For example, the truncation of a file may be the result of user
error rather than malware, but characterizing the change as having
low utility suggests that the permeability to that change should be
low. In various embodiments, this is implemented by keeping a
number of different versions of the file in snapshots or "shadow"
filesystems by the protecting system, corresponding to one of the
filesystem snapshots as described relative to FIG. 3b. In another
embodiment this is implemented using a log-oriented data structure,
so that earlier versions of files and filesystems are maintained
until a rewriting/vacuum procedure occurs. From the perspective of
the user of the system, each change is committed and the state of
the filesystem is as expected from the last few changes that have
occurred. But from the perspective of the protecting system, each
change is held and evaluated before it is committed, and different
types of changes will be committed further and other changes will
be transparently redirected to a temporary space that will have no
effect on the long-term data repository. In addition, various
embodiments also take file-based or system-based snapshots not only
due to the passage of time (as in the prior art), but due to
observed changes in the user data that may be indicative of malware
action or user error.
[0045] Moving temporarily to the problem of risk, it there are
various ways to measure the risk and exposure associated with
actual or potential customers. Those in charge of underwriting
evaluate statistical models associating the characteristics of the
client (or potential client) with historical claims to decide how
much coverage a client should receive, how much they should pay for
it, or whether even to accept the risk and provide insurance or
some other type of guarantee. Putting aside the investment value of
money, the difference in profits between two otherwise identical
companies relates to the ability to accurately model and price the
risk associated with a particular client or group of clients so
that the amount paid on claims does not exceed in aggregate the
amount collected.
[0046] Underwriting in general models various types of insurable
parties as being subject to a random events, with the expectation
that the cost associated with a particular risk will may be high in
a particular case but will be low enough over the population of
insured parties to spread to protect the company against excessive
claims. Each organization providing insurance or a similar type of
guarantee has a set of underwriting guidelines informed by
statistical tables to determine whether or not the company should
accept the risk. These statistical tables measure the cost and
frequency of different types of claims based upon the
categorization of the insured entity according to a number of
different criteria, each of which has been shown to have an effect
on the frequency or severity of insurable events.

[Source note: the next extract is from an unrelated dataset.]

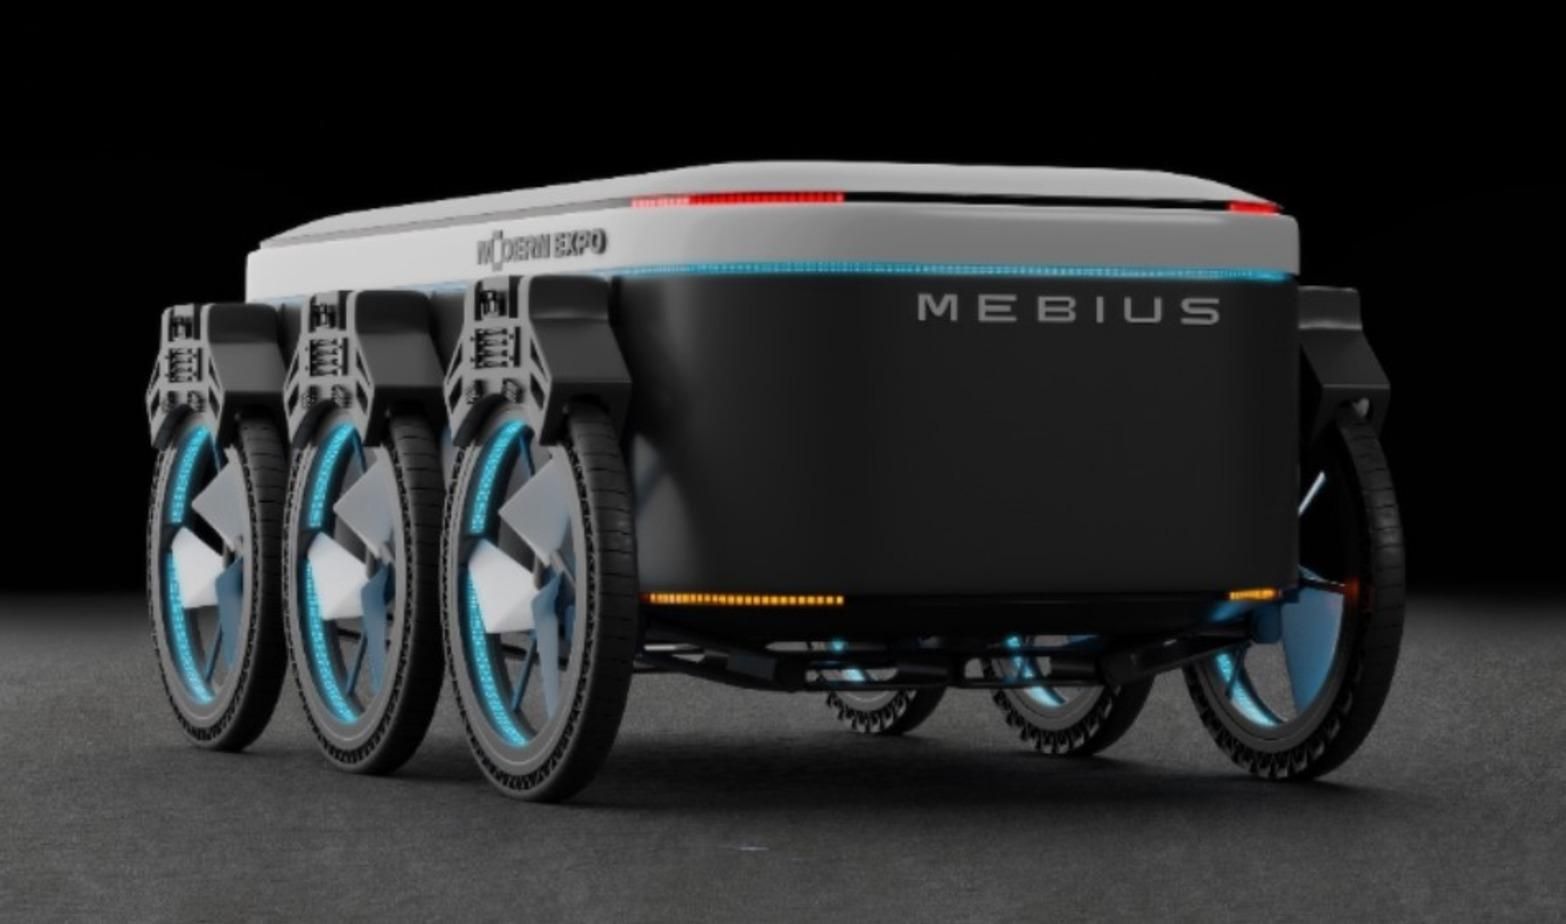 Українці представили концепт робота-кур'єра Mebius: відео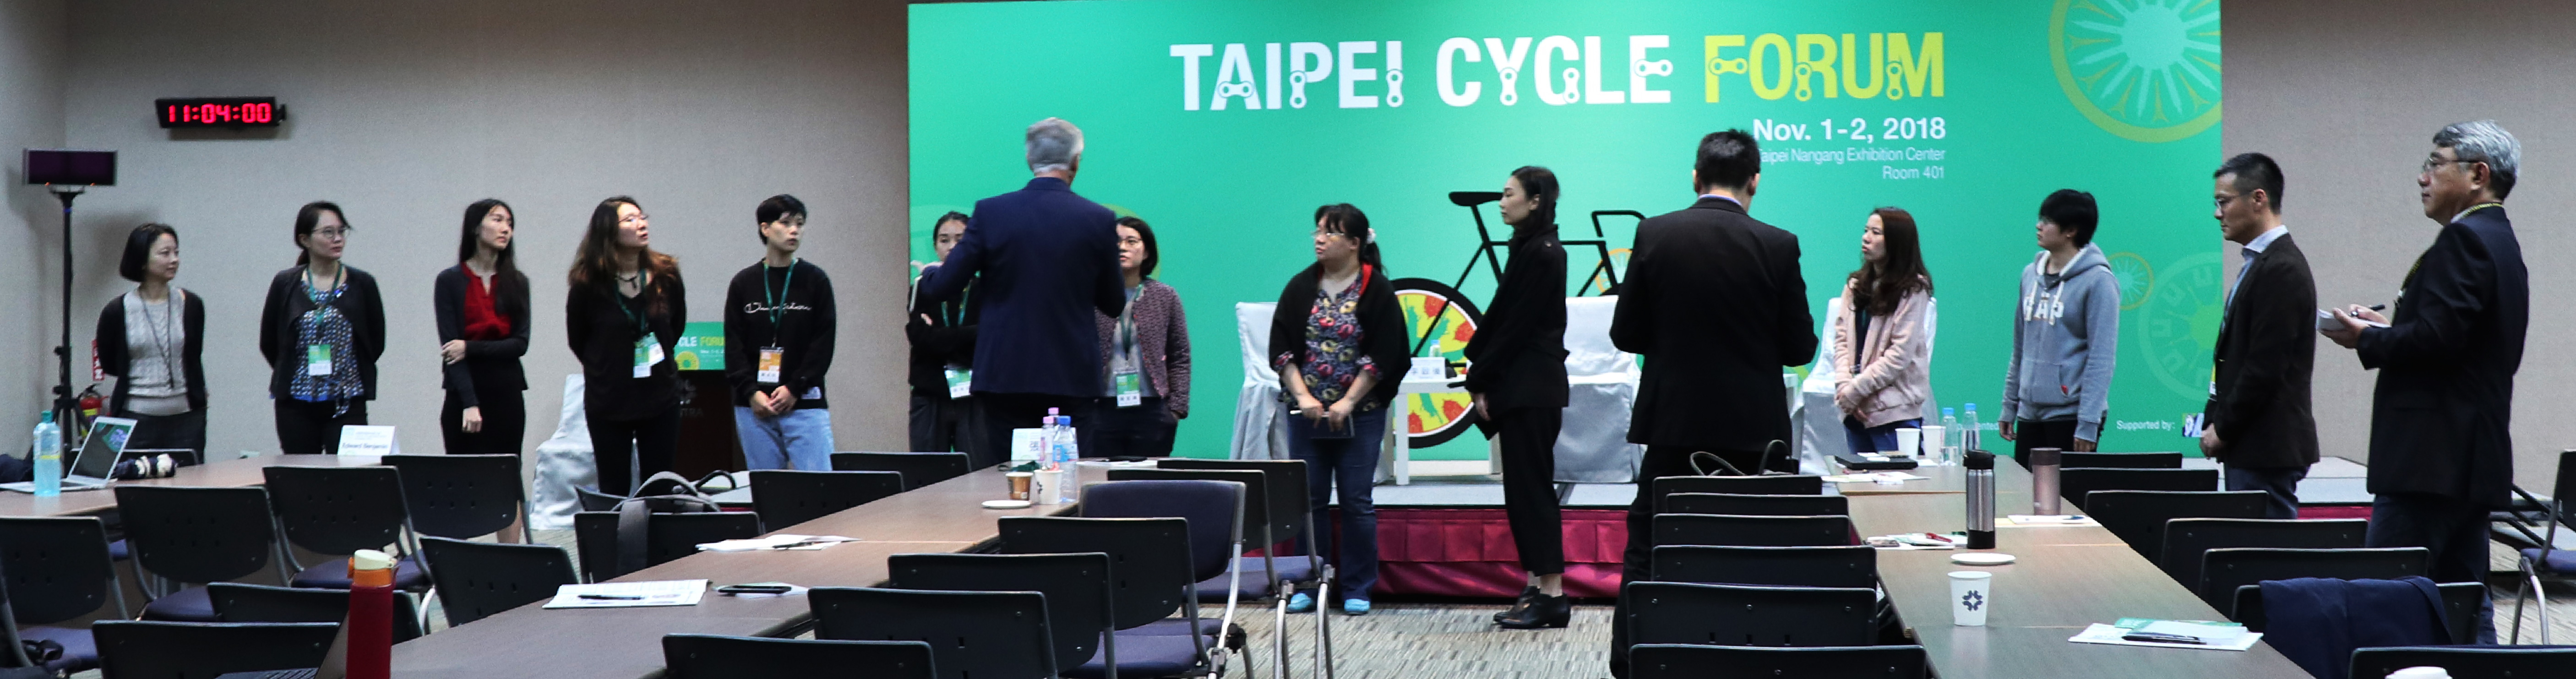 Taipei Cycle Forum 2018

Based upon an
evaluation of the possible cost of an event and an estimation of
the probability of the event, the underwriter decides what kind of
guarantees to provide and at what price.
[0047] Thus, while there exist in the prior art various statistical
models of risk, there are two significant difficulties associated
with applying different models of risk to business activities,
particularly those associated complex systems such as the protected
systems described herein as well as the interactions that may lead
to different types of losses. First, the systems are too dissimilar
to create effective cross-organization models of risk, and second,
the possible perturbing factors associated with the risk are so
numerous as to be essentially unknowable or susceptible to human
analysis. This results in mispriced risk models that either do not
effectively mitigate the risk associated with different types of
loss events, or are too expensive for the coverage received, or
both.
[0048] In contrast to human-oriented forms of risk analysis,
however, whole-system risk can be evaluated for an individual
organization by correlating data access and change patterns with
business flows and processes. The economic value of those processes
can be evaluated, and regression analysis used to isolate and
estimate the additive or subtractive value of each type of change,
thus allowing the creation of a dynamic risk pricing model that is
tailored to an individual organization.
[0049] From the perspective of a whole-system model, each
individual protected node and the files and processes within that
protected node are each possible "features" for each type of
malware has a distinctive effect on user data. The different types
of monitored changes are described, and then the model that
correlates those with business value. Different types of changes
will be described, as well as how those observed changes are
interpretable by a model as features that can predict
disruption.
[0050] The first type of change is a change in the contents of a
file, as is shown relative to reference 372. This change in the
contents of the file may be the result of either user-directed
action, error, or attack (e.g., due to internal action by a rogue
employee or malware). A second type of change in the filesystem
looks like the movement and/or deletion of files as shown from
snapshot 350, through 360 at reference 362 (file is removed) and
then a new file is written in place (reference 376 in snapshot
370). A third type of change looks like the changes in user files
374, to 382, to 392 and 394 in snapshots 370-390. The existing user
file 374 is read and a new output is created as new file 382 in
snapshot 380, and then the new file is renamed to replace the
original file, which appears as a change in content at reference
392 and the removal of the file at reference 394 (both in snapshot
390).
[0051] FIG. 4 shows a different aspect of user data captured by the
system--the metadata associated with a particular file. Included in
the typical metadata tracked by protecting systems are the path to
user files 410, the names of user files 420, the extension (or the
associated file type) of a file 430, and creation and/or
modification times 440. In one embodiment of the protecting system,
the system also records the entropy of the associated file 450.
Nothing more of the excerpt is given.